Wednesday, March 4, 2009

Less Is More

Sometimes, less is better than more, it is more better (get it?). That is the case with government. Less is much more better.

As we daily watch our Federal Government take measures and pass laws that are geared to greatly expand their control and power over us, their bosses; we have to wonder where and when will this stop? Our freedoms and liberties are being attacked. Is there a way to get a new mindset in Washington? Is it possible to have political leaders who honestly want what is best for the public and not for themselves? When was the last step taken to reduce the size of the government?
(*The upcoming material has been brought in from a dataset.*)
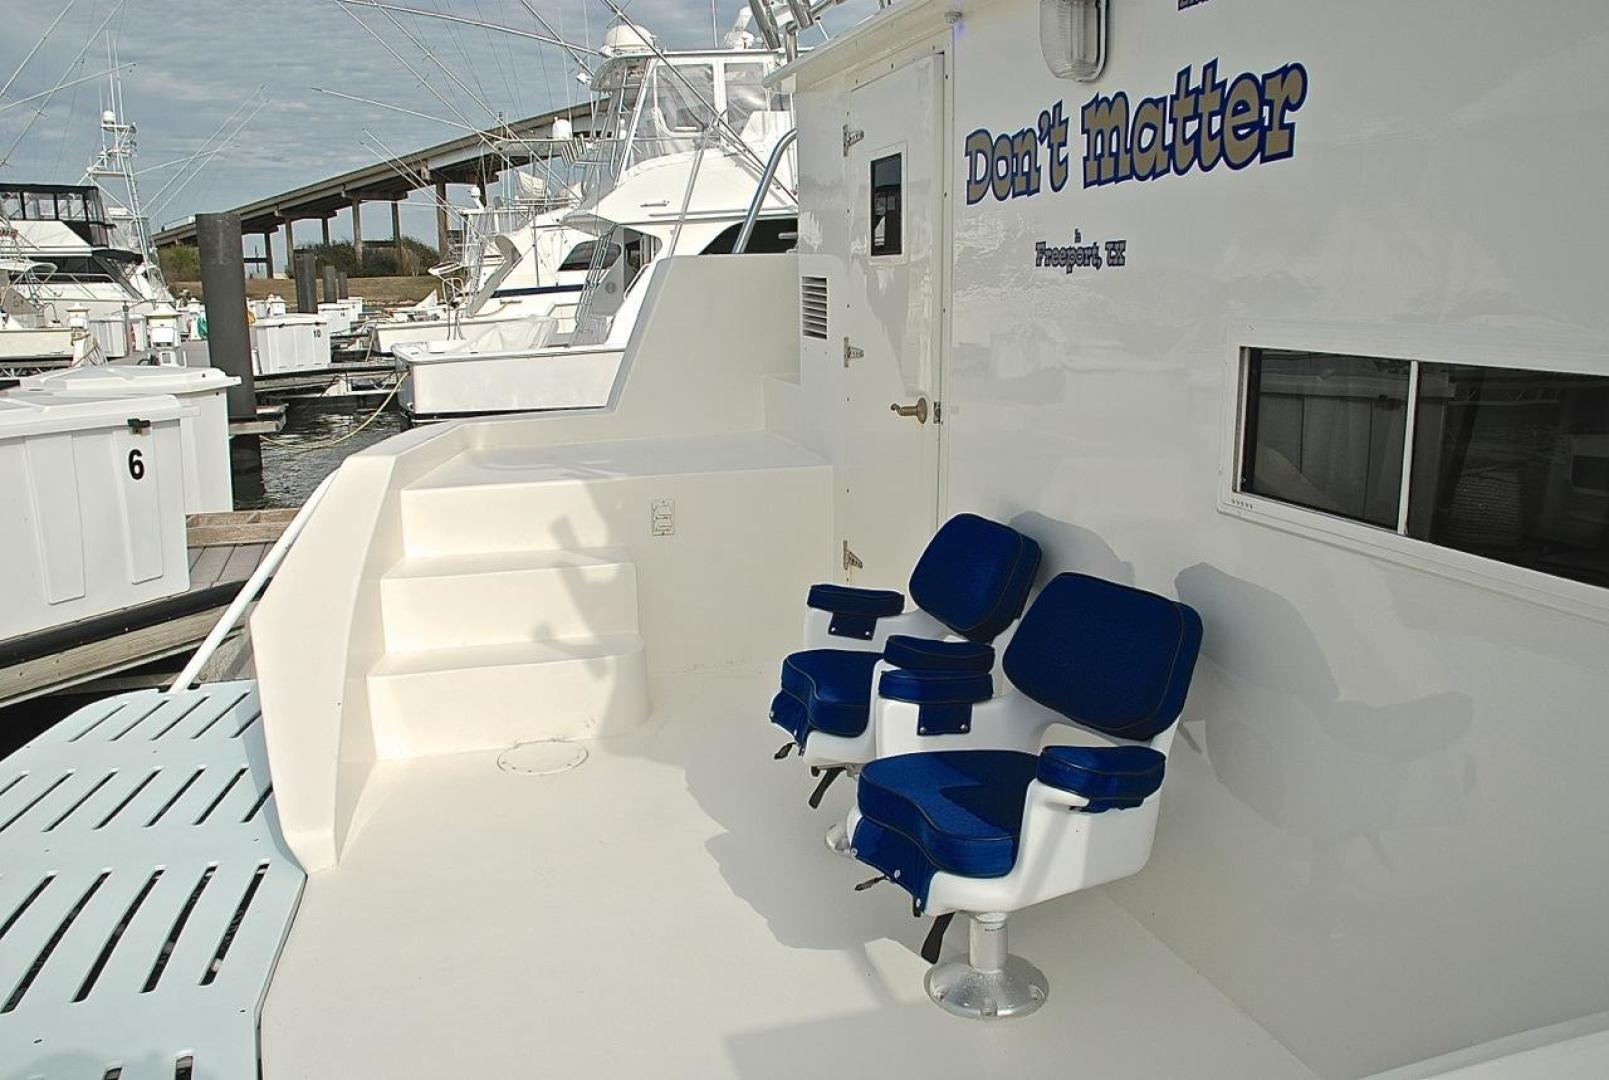 Infinity-Cockpit Motor Yacht 2001-Dont Matter Houston-Texas-United States-Cockpit-1005574 | Thumbnail
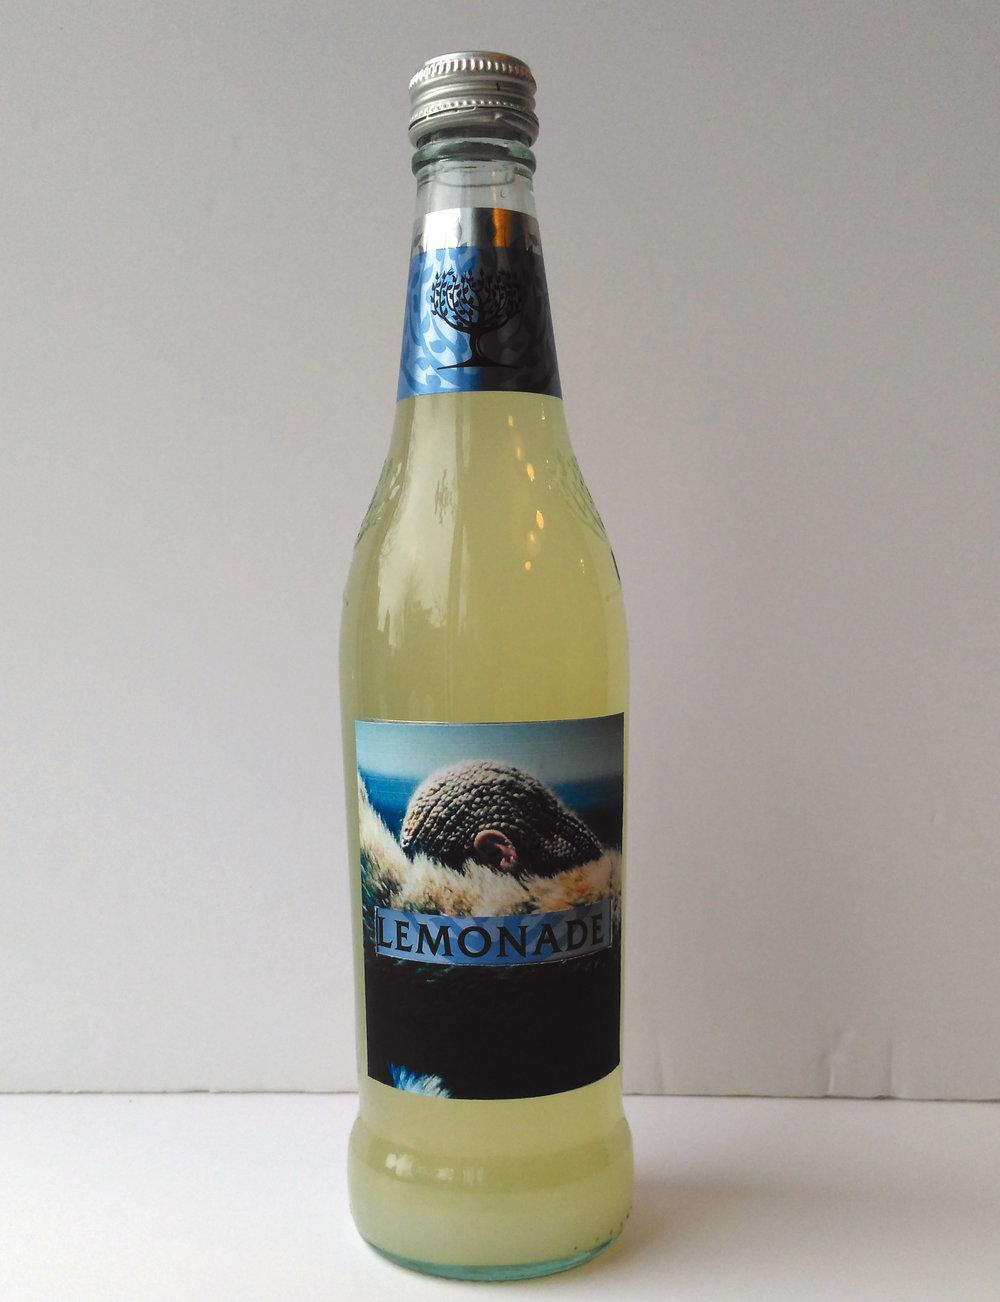 15. Lemonade

Today, the new Arizona Governor, Jan Brewer, told our congress that there needs to be a trillion dollars ($1,000,000,000,000) of new, "temporary" taxes to help the state get through the budget crisis. Clearly, it is more important to a politician to take our money to balance their budget than to let us have our money to balance our own. (Remember, we have a new Governor due to Janet leaving to protect all of us from her position as Homeland Security Secretary.)

Arizona, like many other states, has been hit hard, financially. They have taken several measures over past couple years that are typical of government when they want to justify more taxes on the people. Have you noticed that the "pet projects" always seem to survive budget cuts and how essential services, such as police and fire, get hit with cuts? This is no accident. It is a ploy to cut the areas that will most likely cause the people to rally and support. Then, the dear politician will be justified in raising your taxes so that essential services can remain at, or near, present levels.

You want an example? Arizona just closed some State Parks, last week. One is just outside of my town - Tonto Natural Bridge. This park brought in enough money in fees to cover the cost of keeping it running. It did not cost the state anything. It is a popular park and important to the economy of the small towns around the area. The threat - "we do not know if it will ever open again". This, of course, has many in the area rallying for a change in this decision.

Why was this park closed? It is said, to cut state expenses, but it did not cost the state any expense. In fact, you could argue that it made money for the state in the sales tax revenue generated by tourists who traveled to the area to visit the park. It was closed because it is popular and would cause an outcry from angry citizens. This, then can be used against us as a show of support for higher taxes, which of course would be spent on opening the park.